**What you are asked to do**
Where a picture shows up in the listing below, omit it and output the rest exactly.

**Material provided**
──────────

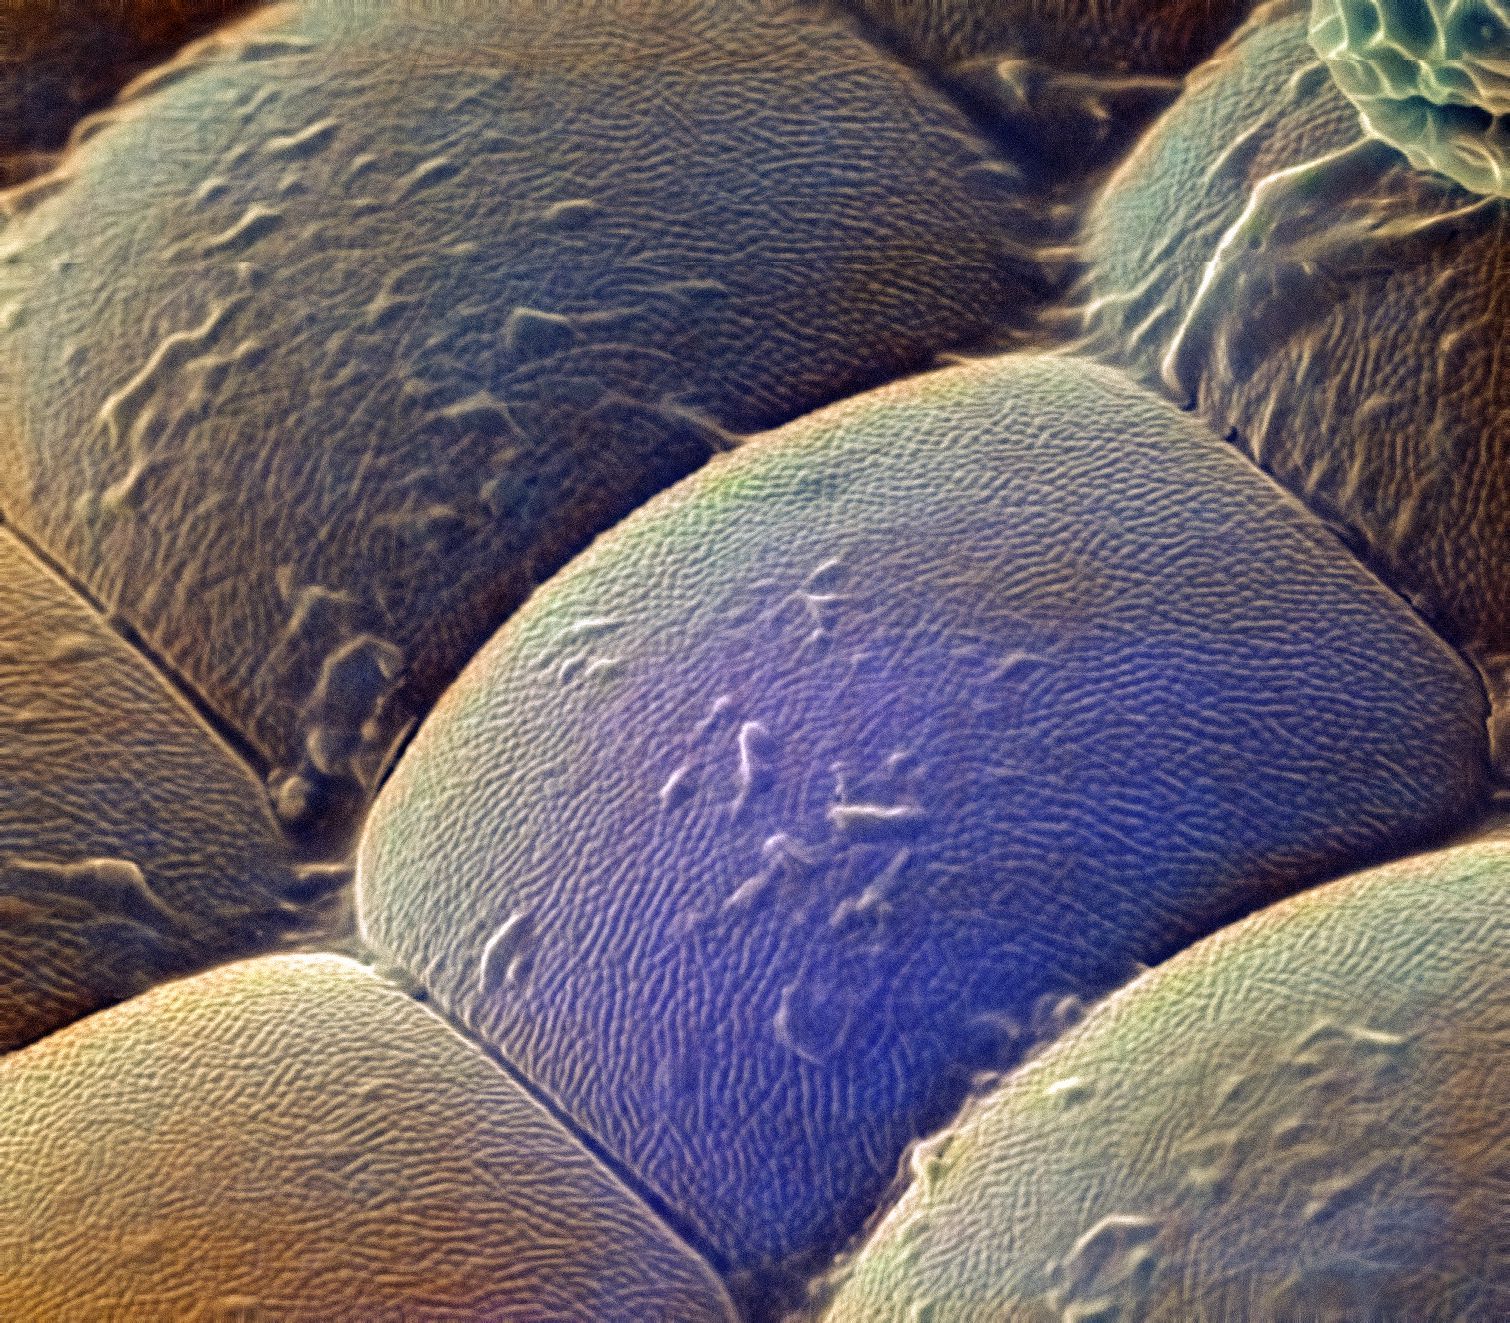 Мошка астраханская фото под микроскопом
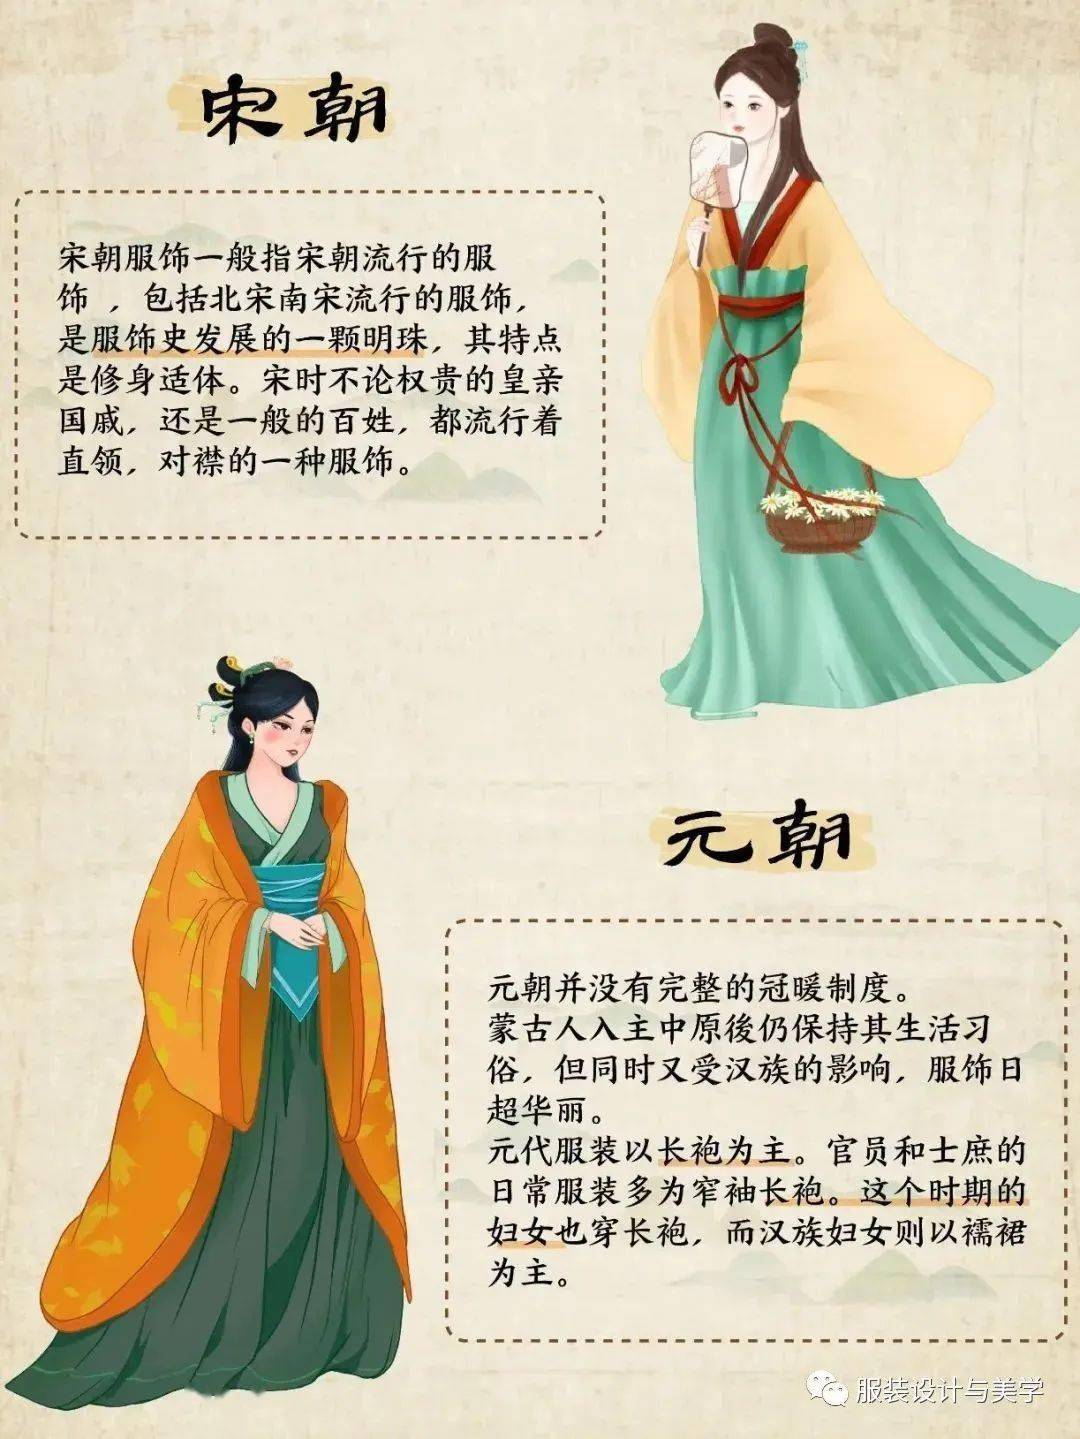 【唐代】是中国历史上一个辉煌而繁荣的时代,也是中国古代服饰发展的
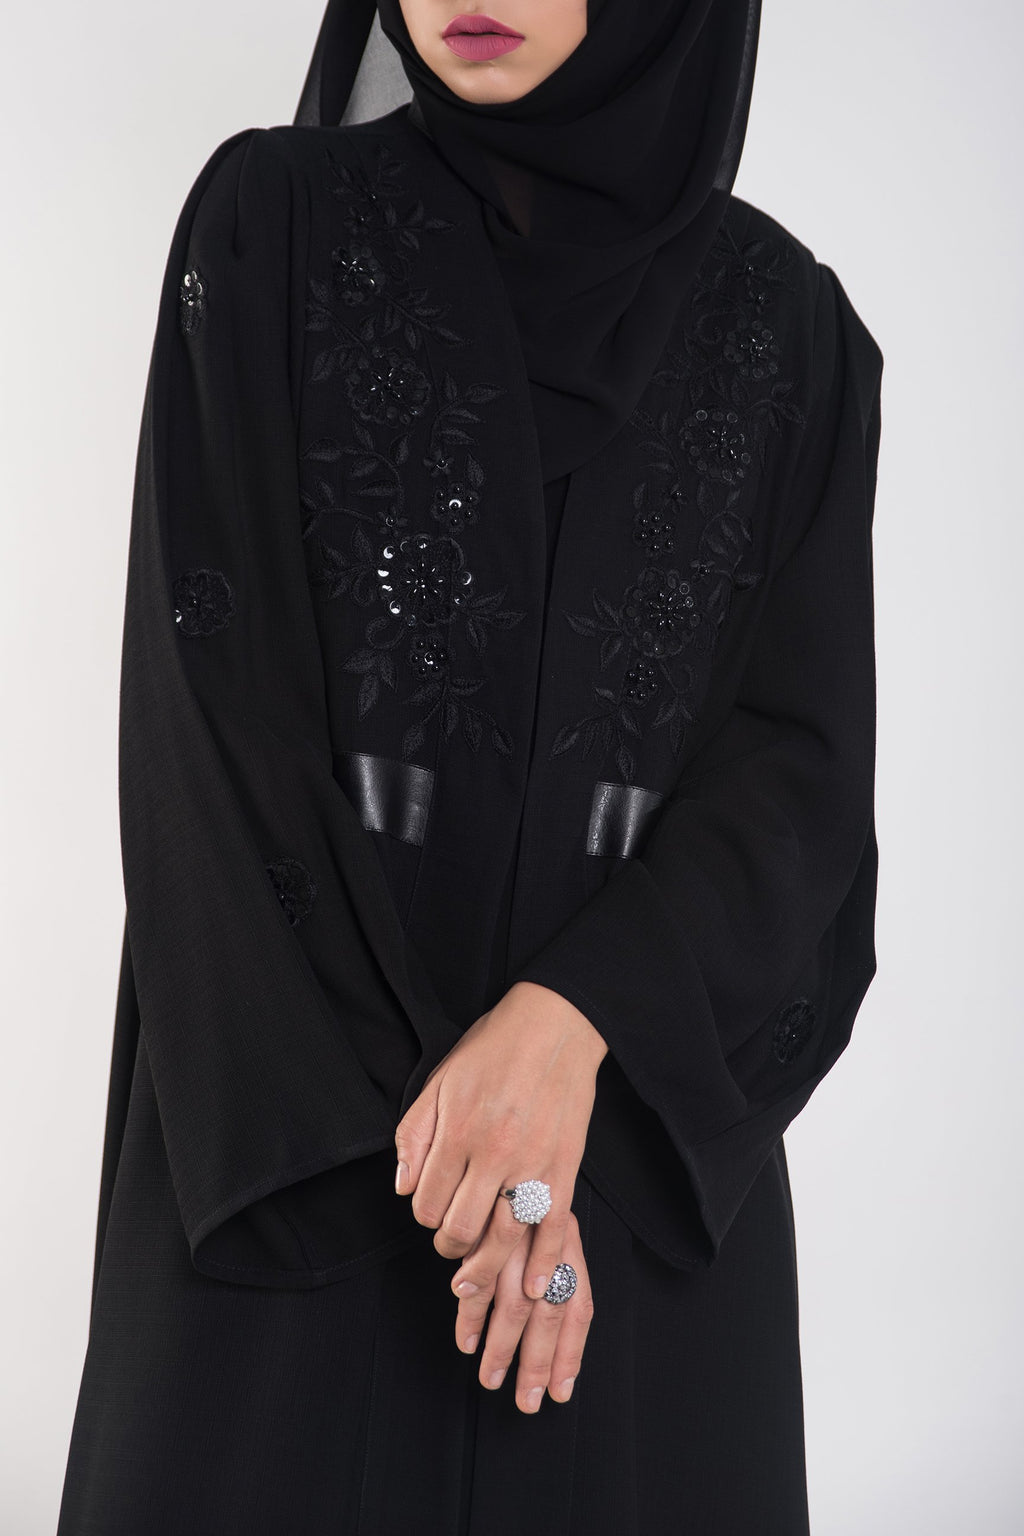 royal black abaya - thowby - branded luxury abayas in dubai

──────────

**Solution to this exercise**
 Мошка астраханская фото под микроскопом
 【唐代】是中国历史上一个辉煌而繁荣的时代,也是中国古代服饰发展的
 royal black abaya - thowby - branded luxury abayas in dubai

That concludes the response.